Segundo ele, punk e metal sempre coexistiram - mesmo quando as tribos insistiam em brigar entre si.
Um desafio fora da zona de conforto
A entrada no Metal Allegiance representou exatamente isso: um desafio. DuVall reconhece que não escreveria naturalmente riffs ou estruturas como as que Skolnick e Portnoy criam, mas foi justamente esse deslocamento criativo que tornou o convite atraente.
Ao receber a música, ele reagiu primeiro como ouvinte. Em seguida, como compositor. O título Black Horizon surgiu quase imediatamente, junto de uma narrativa inspirada em jornadas, deslocamento e incerteza - uma metáfora que dialoga tanto com ficção científica quanto com o próprio espírito do metal épico.

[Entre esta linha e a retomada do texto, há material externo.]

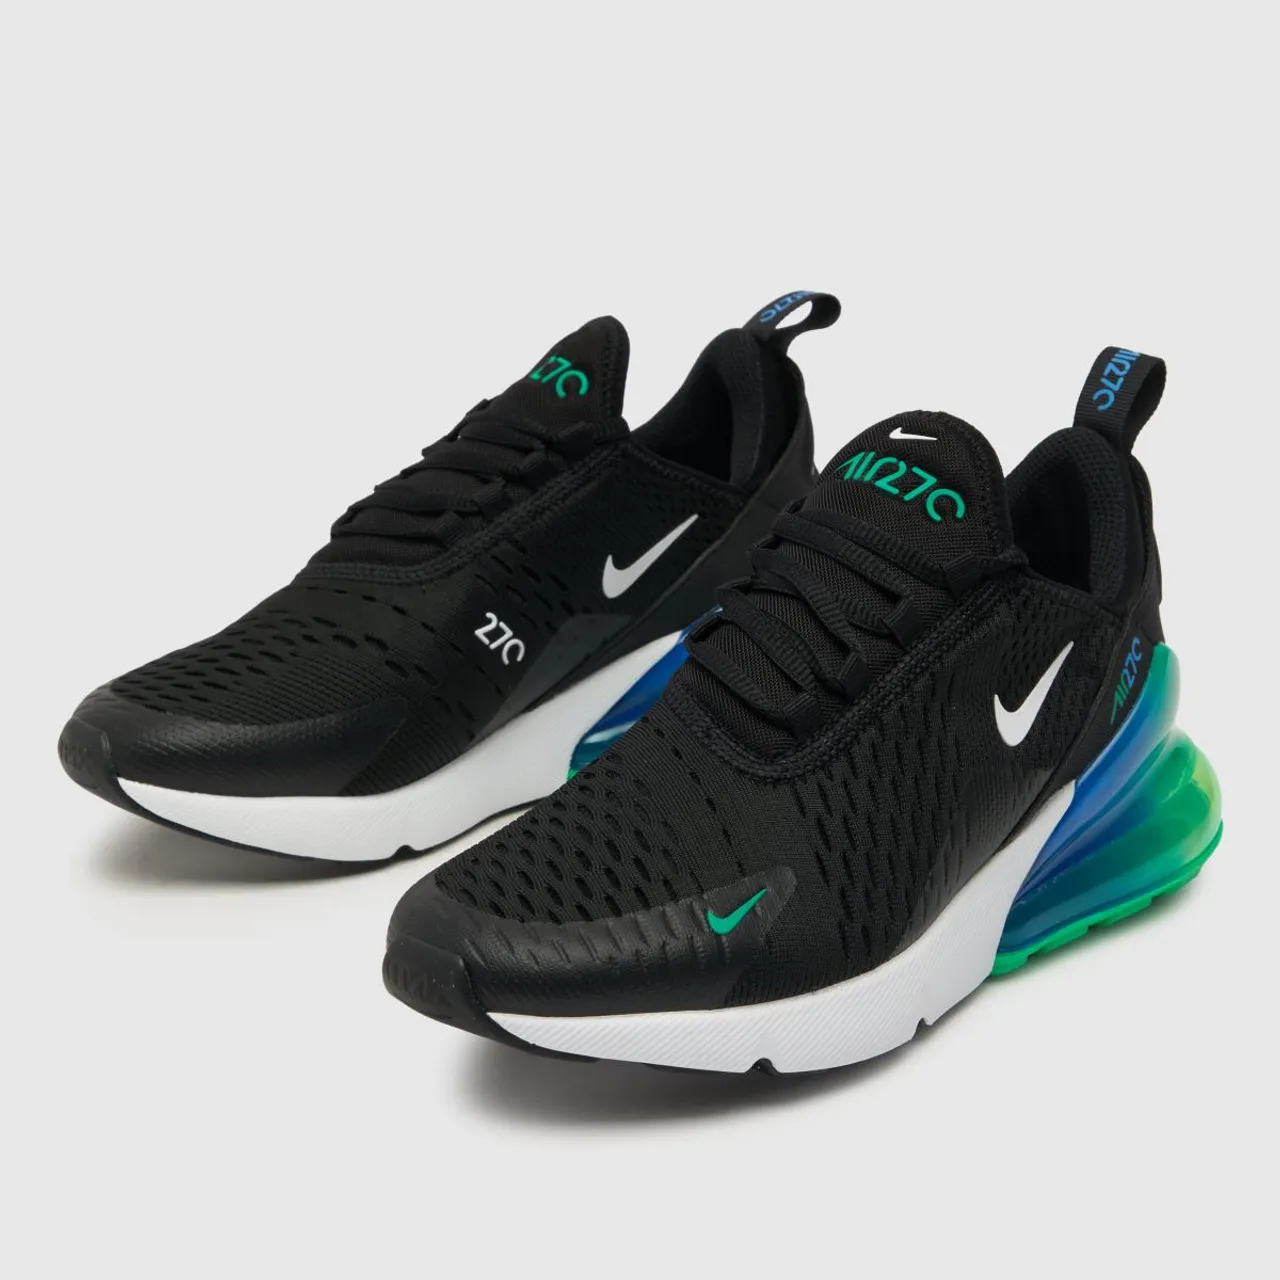 Nike Black & White Air Max 270 Youth Trainers

"Esse tipo de música exige que você escreva um papel para si mesmo e depois o interprete", explicou. Para DuVall, cantar nesse contexto é quase um exercício de atuação.
Do grunge ao metal técnico - sem pedir licença
A presença de DuVall no Metal Allegiance também reforça algo que muitos fãs já sabiam: o Alice In Chains sempre foi a banda mais "metal" do grunge. Não por estética, mas por densidade emocional, afinações graves e um senso de peso que nunca dependeu de velocidade ou pirotecnia.

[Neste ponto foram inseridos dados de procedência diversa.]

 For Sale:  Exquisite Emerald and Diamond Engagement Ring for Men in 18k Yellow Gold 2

Não por acaso, a banda conseguiu algo raro: permanecer relevante no rádio rock mainstream e, ao mesmo tempo, dividir palcos com gigantes do metal sem causar estranhamento.
A colaboração com o Metal Allegiance deve se estender aos palcos em 2026, ampliando ainda mais esse diálogo entre universos que, hoje, parecem menos separados do que nunca.
20 anos à frente do Alice In Chains - e o futuro em aberto
DuVall também refletiu sobre o marco de ser o vocalista mais longevo da história do Alice In Chains. Para ele, não há como "fechar a conta" do passado de forma definitiva. A trajetória da banda envolve perdas, reinvenções e pressões constantes - muitas delas autoimpostas.
Sobre material novo do Alice In Chains, a resposta segue cautelosa. A banda deve se reunir para avaliar caminhos, sem cronogramas rígidos. A pressão existe, mas a autonomia também.
Em um mundo onde a indústria mudou radicalmente desde os tempos de cartas e fitas cassete, DuVall valoriza algo simples e cada vez mais raro: continuar fazendo música que importa para as pessoas.
E, como mostra Black Horizon, quando o desafio é grande, ele não recua - sobe o volume e encara.